Yasoo Sugiura, Etsuo Nemoto, Osamu Kawai, Yasuyuki Ohkubo, Hisae Fusegawa, Shizuka Kaseda

Abstract

Skin rash is one of the notorious adverse events of gefitinib as well as other epidermal growth factor receptor tyrosine kinase inhibitors. The differences of response rate and frequency of adverse events between ethnic groups are well known. Some reports demonstrated the correlation between development of rash and efficacy in Caucasian patients treated with erlotinib, gefitinib or cetuximab. We analyzed clinical course of Japanese patients of lung adenocarcinoma in order to assess the relation between adverse events and efficacy of gefitinib. Between January 2008 and June 2012, 24 Japanese patients administered gefitinib 250 mg daily.
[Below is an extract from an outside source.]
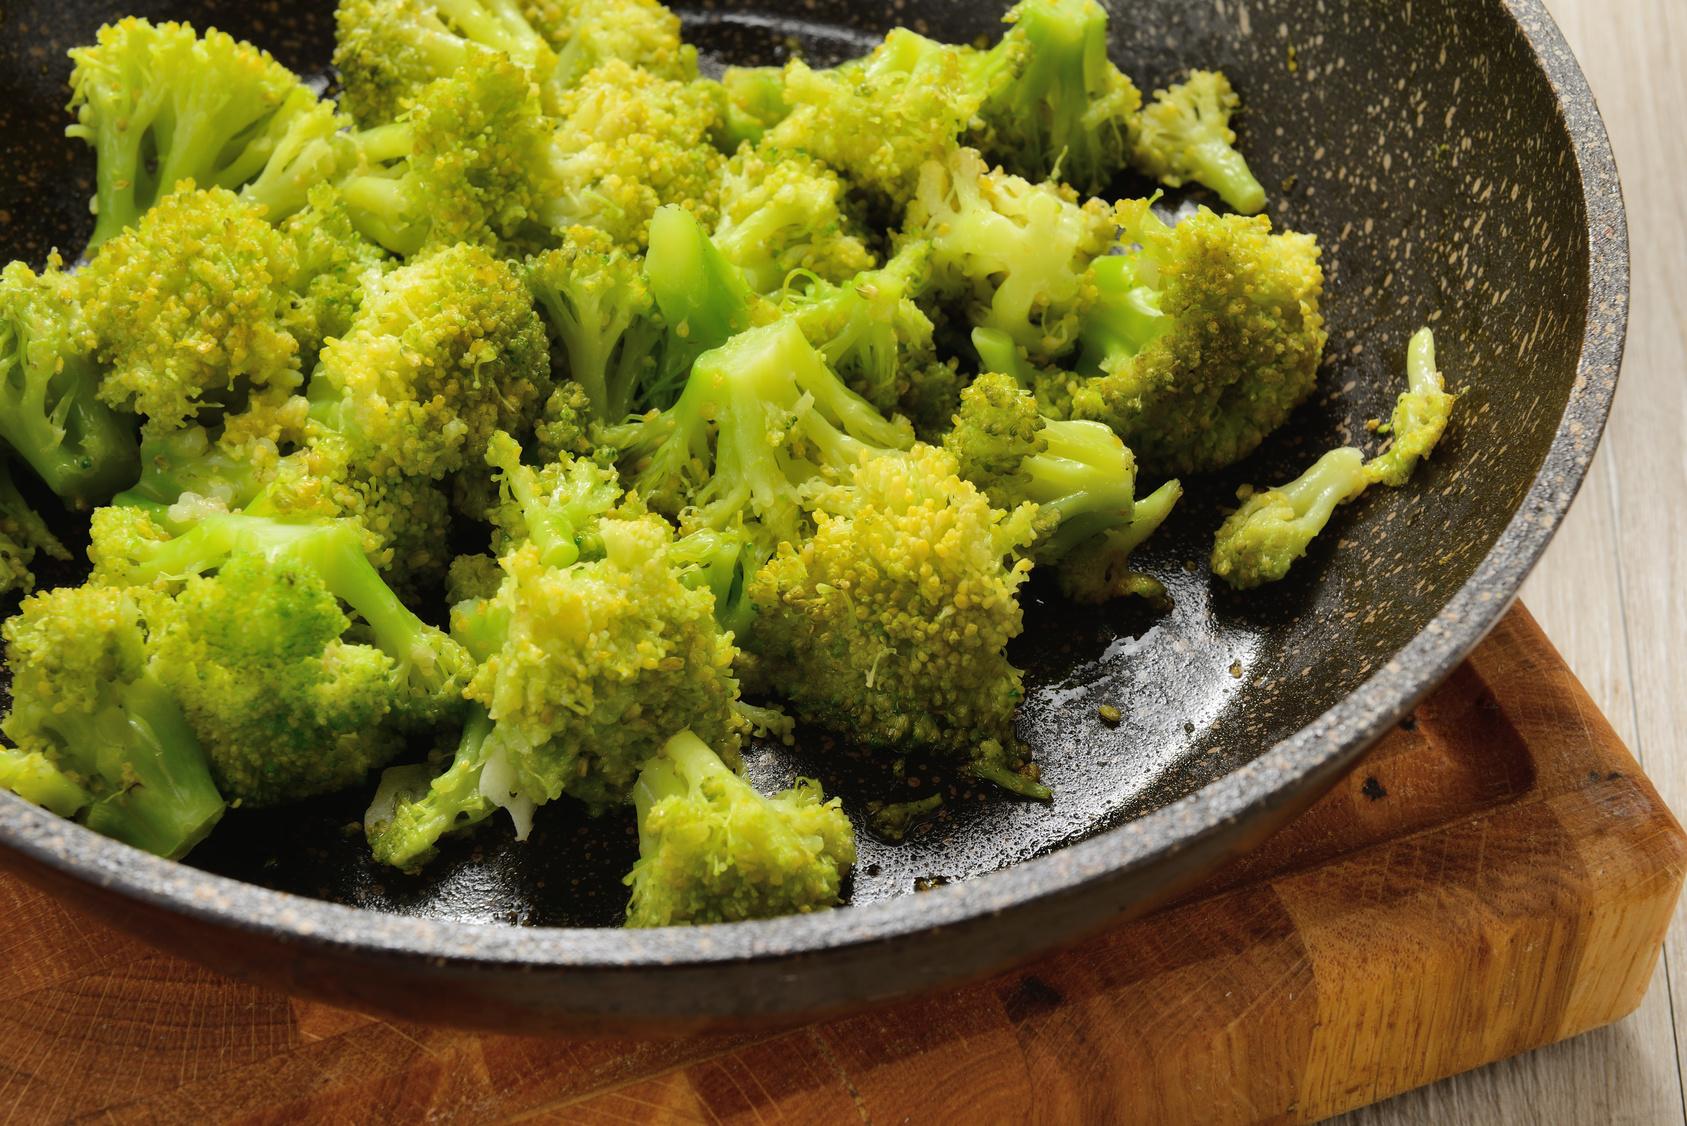 R brocoli sofrito

The adverse events were evaluated in accordance with Common Terminology Criteria For Adverse Events v4.0 (CTCAE). Objective response to gefitinib was evaluated with using computed tomography every 1-2 months. The relationship between each adverse event and objective response was examined by chi-square test. The Log-rank Test was used to assess the relationship between the presence of skin rash and overall survival. Twenty four patients with a median age of 67 years (range 55-89) entered were 16 female and 8 male patients; the pathological diagnosis of all patients was adenocarcinoma. Skin rash in CTCAE occurred in 10. The objective response and overall survival among the patients with skin rash was significantly superior to the patients without skin rash. Skin rash by gefitinib correlates with improved clinical outcomes among advanced lung adenocarcinoma patients.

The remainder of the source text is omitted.